Two years ago this evening, my father died. He was 94. I began this blog immediately, to mark the changes and passing of days without him. The biggest topic of discussion in my letters to him is the progress I’ve made finishing the house he planned, but left mostly unfinished for fifty years. People ask me now, “Have you finished remodeling your dad’s house yet?” Remodeling. Heh. I’m building from the world’s biggest model kit, with half the pieces missing. No, I won’t be finished for some time. For those concerned about the content herein, written some months ago, no, my mom did not move out. And no, I didn’t find the hinges. And no, I didn’t get back to the pink bathroom. All things in time.
9/12/2018
Dear Daddy –
I didn’t write last week. That is, I didn’t write to you. I did write, trying to work out a problem, as I sometimes do, words not meant for other human beings to read, not even dead ones.
It’s been a bad couple of weeks. Lots of lost sleep. I won’t go into the details, because, again, other people will be reading these words eventually. And my perceptions of what’s been happening in my life are mine alone. Other people have other opinions of who is doing right and who is doing wrong, and I don’t want to touch off a shouting match six months after the fact.

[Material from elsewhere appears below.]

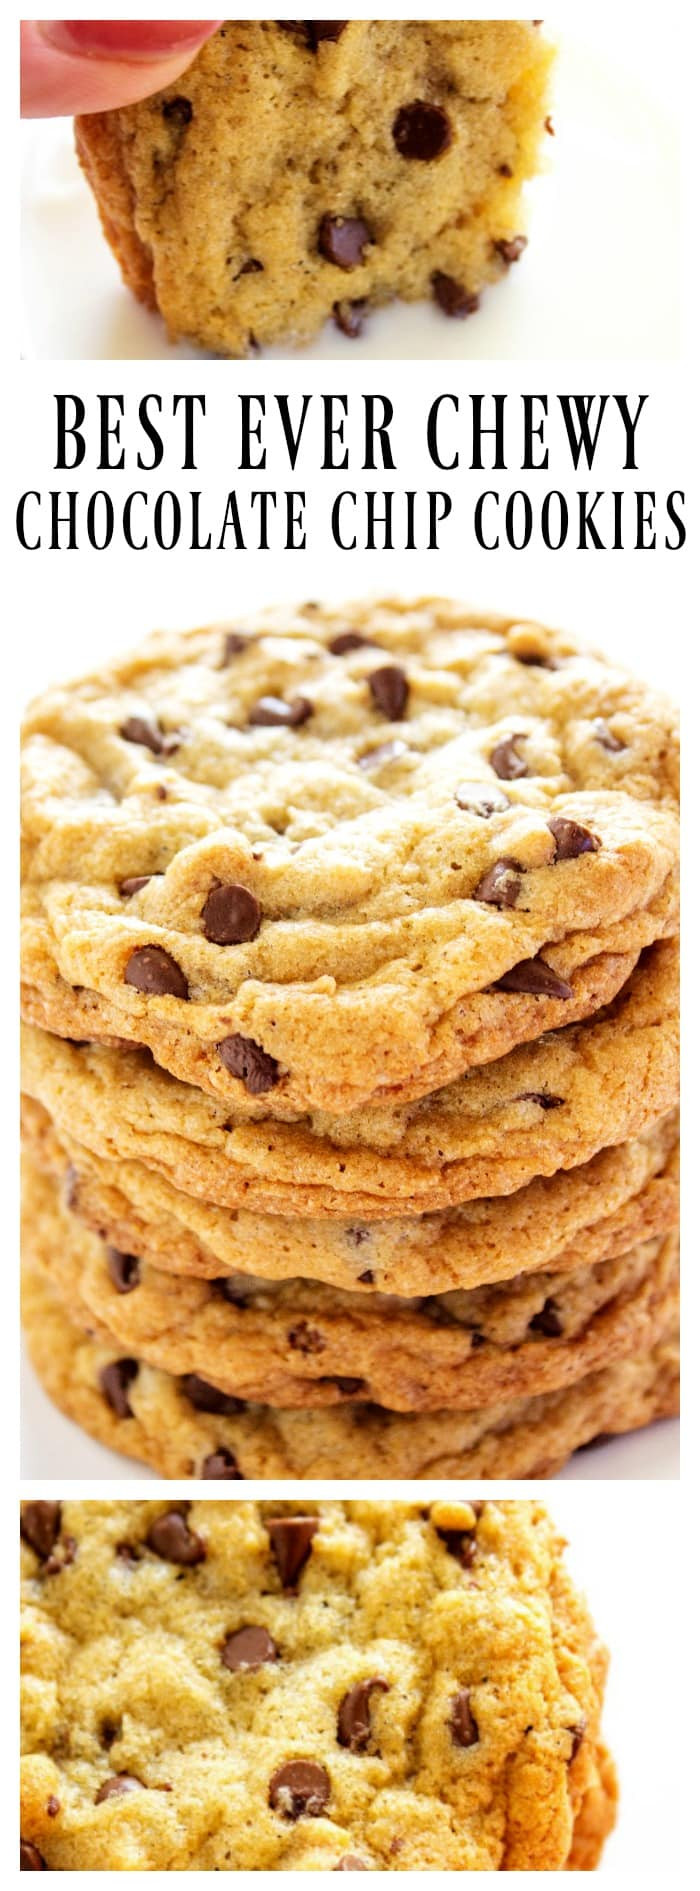 World'S Best Chocolate Chip Cookies
 Best Ever Chewy Chocolate Chip Cookies A Dash of Sanity

As always, when things are emotionally draining for me, my creativity suffers. It’s hard to put words down–at least words that would mean something to someone else–when in a state of emotional turmoil.
Things are not resolved, but they’re stable. I guess sometimes that’s the best you can hope for.
The chicken run is pretty well complete. The roof is installed, although it needs some shoring up with zip ties, to hold the courses of wire together better. And I still want to run chicken wire around the inside, to keep the girls from sticking their heads out and inviting hawks to run away with them. Run away with their heads, that is. It’s been raining constantly. Hurricane Florence has been ravaging the Carolinas this week and has sent us a lot of rain. It’s rained most of the summer, though. We get a dry day or so every other week. Every time I cut the grass, at your house or mine, I’m cutting off six or eight inches, it’s growing so fast. The rain is also making the doors swell on the chicken coop, so I’ll be having to make some adjustments to them.